> _Provided data_
++++++++++++++++++++
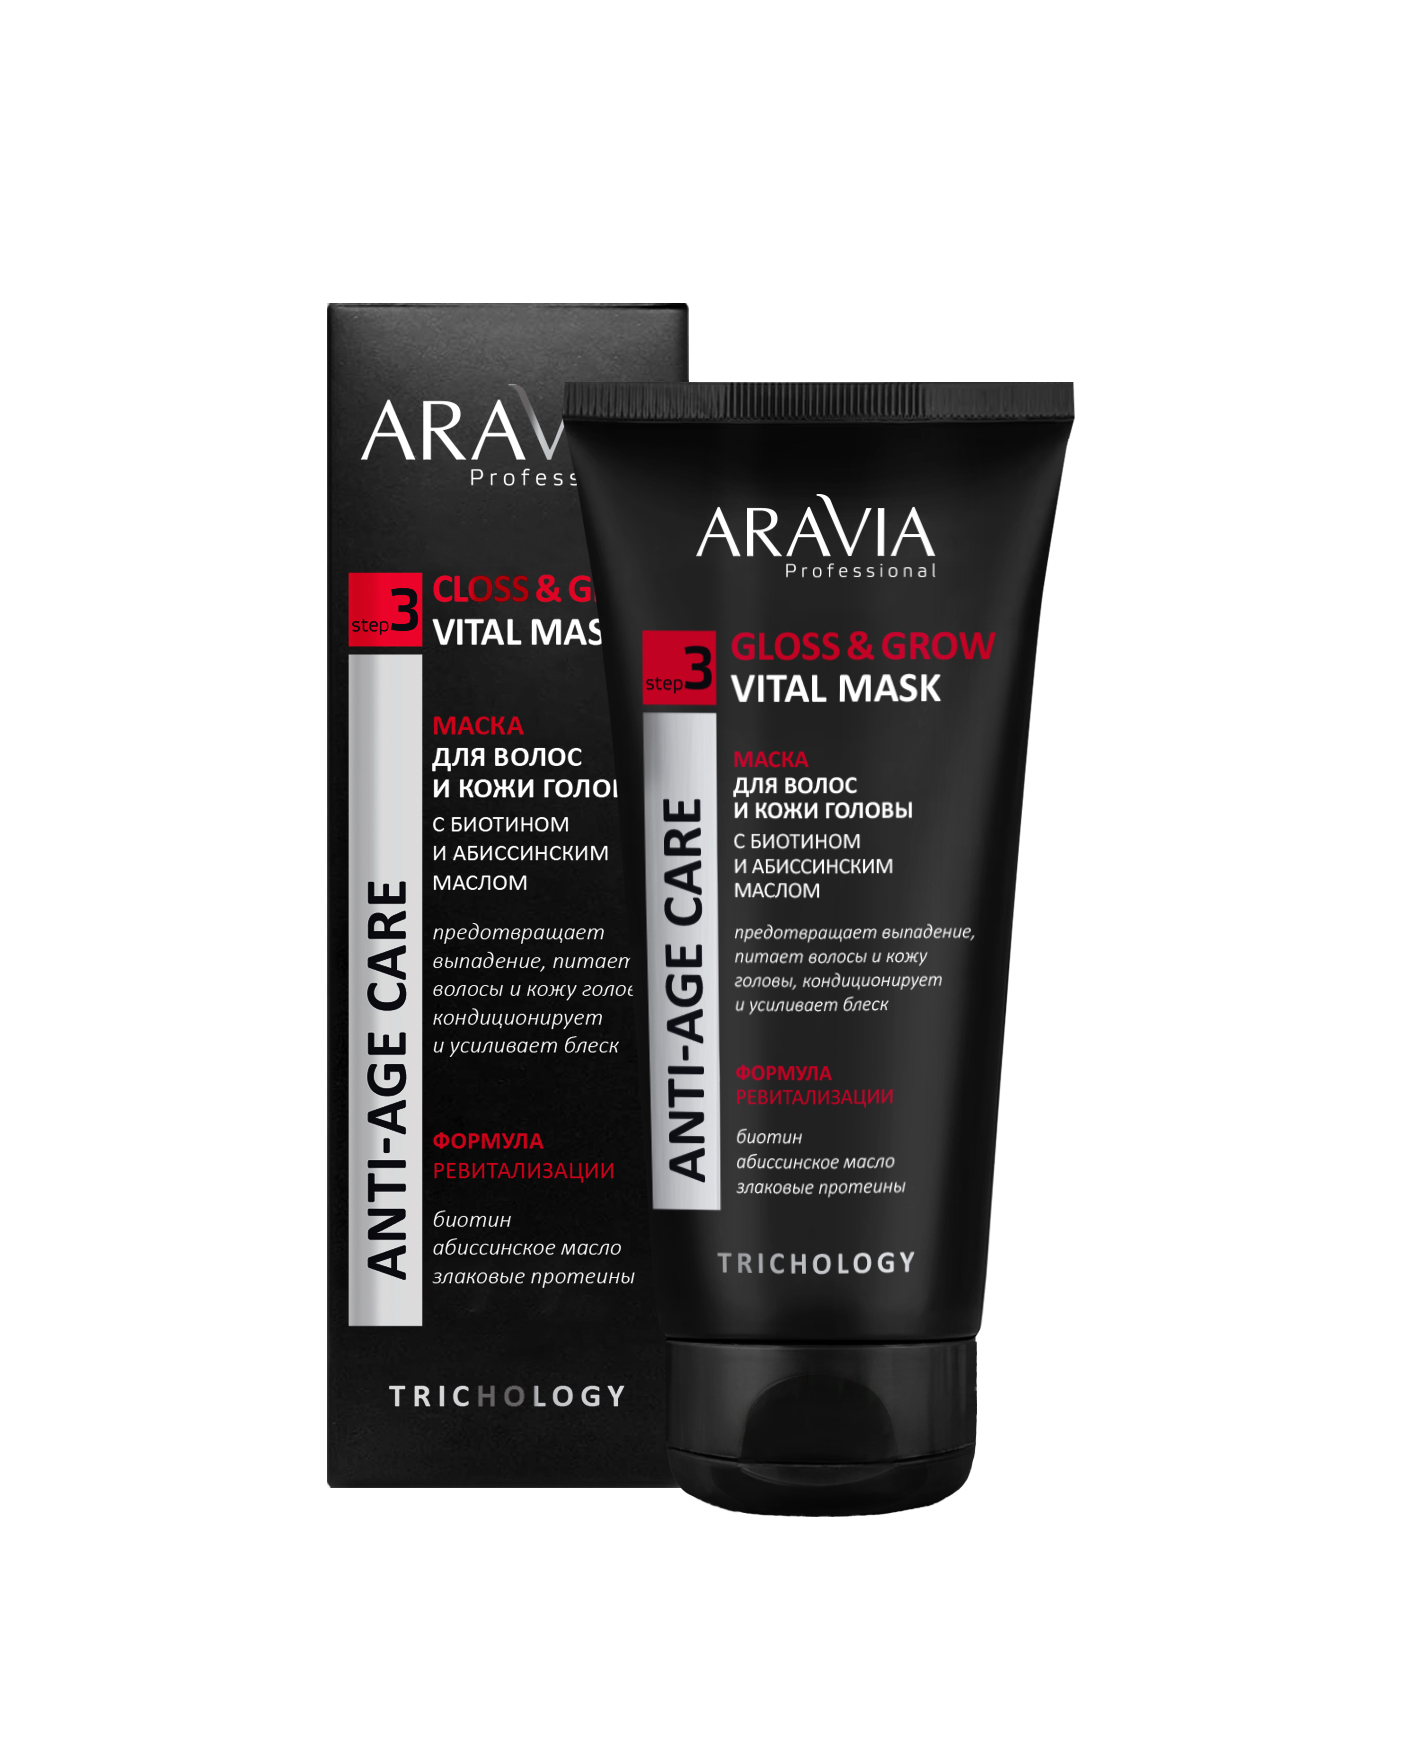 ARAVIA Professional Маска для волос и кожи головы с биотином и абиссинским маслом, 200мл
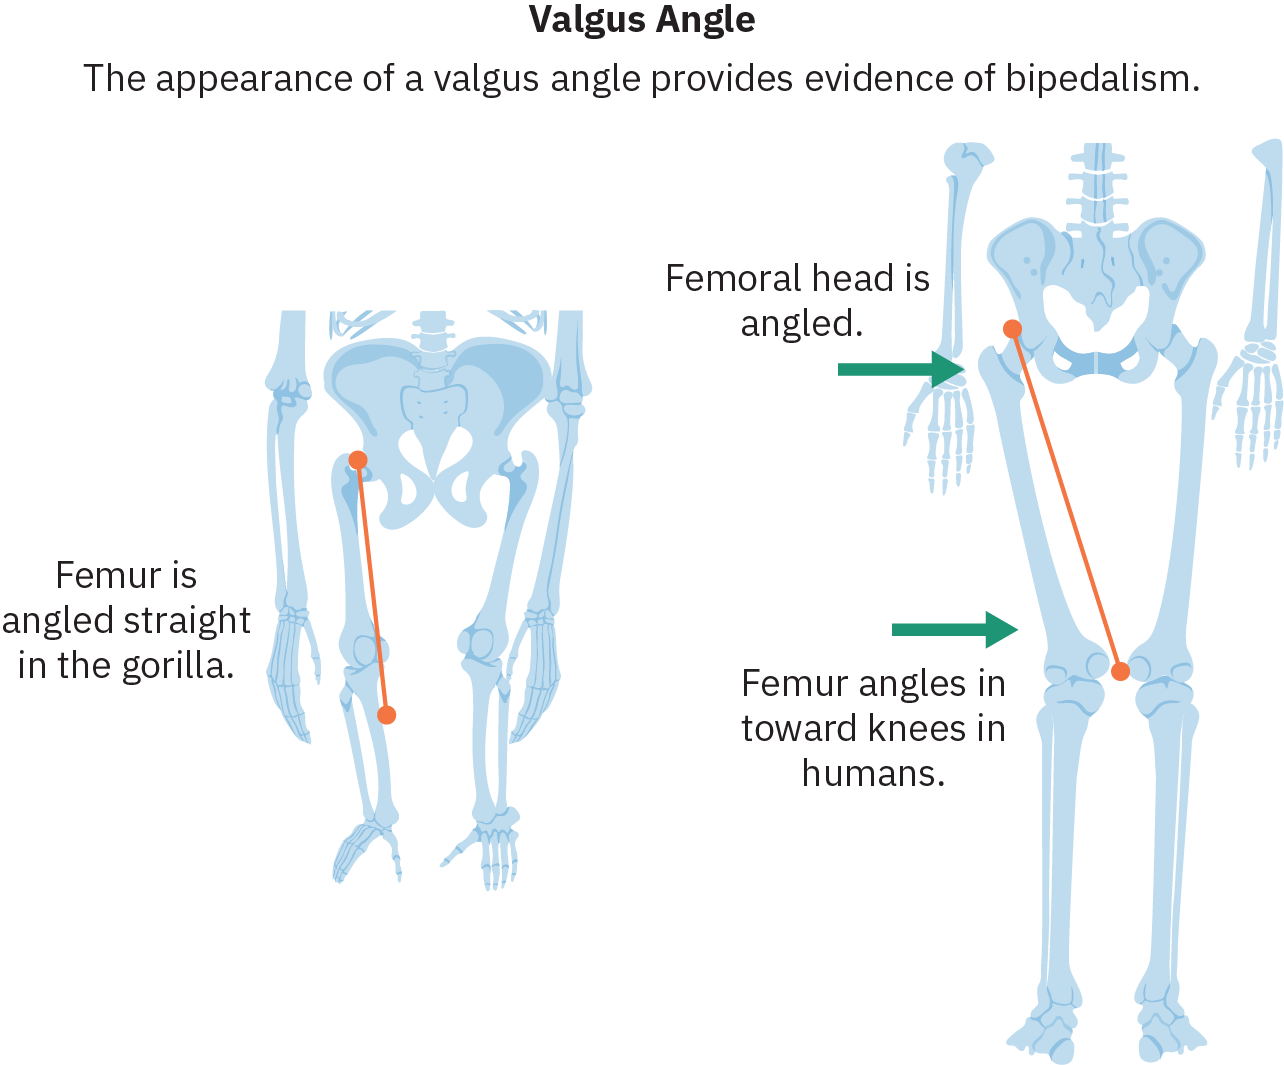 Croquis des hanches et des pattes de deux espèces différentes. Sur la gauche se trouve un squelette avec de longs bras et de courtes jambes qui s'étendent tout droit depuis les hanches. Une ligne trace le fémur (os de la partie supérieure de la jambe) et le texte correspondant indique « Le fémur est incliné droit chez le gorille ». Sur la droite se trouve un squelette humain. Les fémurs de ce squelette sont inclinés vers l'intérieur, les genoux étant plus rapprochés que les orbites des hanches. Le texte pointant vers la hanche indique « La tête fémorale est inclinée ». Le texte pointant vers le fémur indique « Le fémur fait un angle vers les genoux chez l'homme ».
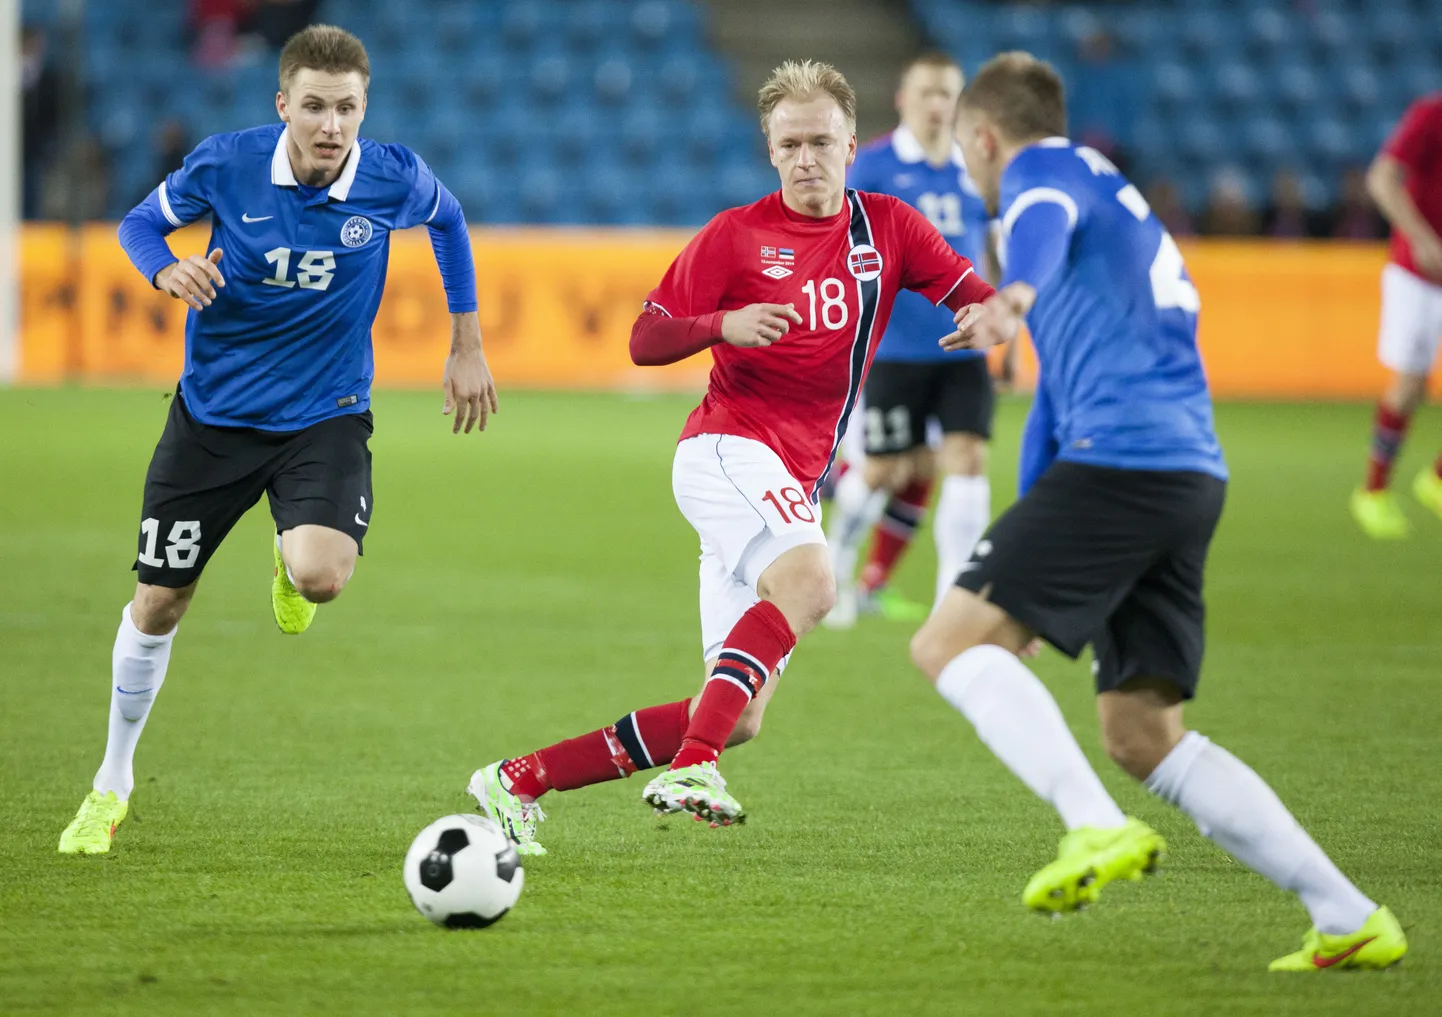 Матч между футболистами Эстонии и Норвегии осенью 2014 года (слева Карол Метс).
++++++++++++++++++++
The expected output is the material above, repeated exactly and free of pictures.

 ARAVIA Professional Маска для волос и кожи головы с биотином и абиссинским маслом, 200мл
 Croquis des hanches et des pattes de deux espèces différentes. Sur la gauche se trouve un squelette avec de longs bras et de courtes jambes qui s'étendent tout droit depuis les hanches. Une ligne trace le fémur (os de la partie supérieure de la jambe) et le texte correspondant indique « Le fémur est incliné droit chez le gorille ». Sur la droite se trouve un squelette humain. Les fémurs de ce squelette sont inclinés vers l'intérieur, les genoux étant plus rapprochés que les orbites des hanches. Le texte pointant vers la hanche indique « La tête fémorale est inclinée ». Le texte pointant vers le fémur indique « Le fémur fait un angle vers les genoux chez l'homme ».
 Матч между футболистами Эстонии и Норвегии осенью 2014 года (слева Карол Метс).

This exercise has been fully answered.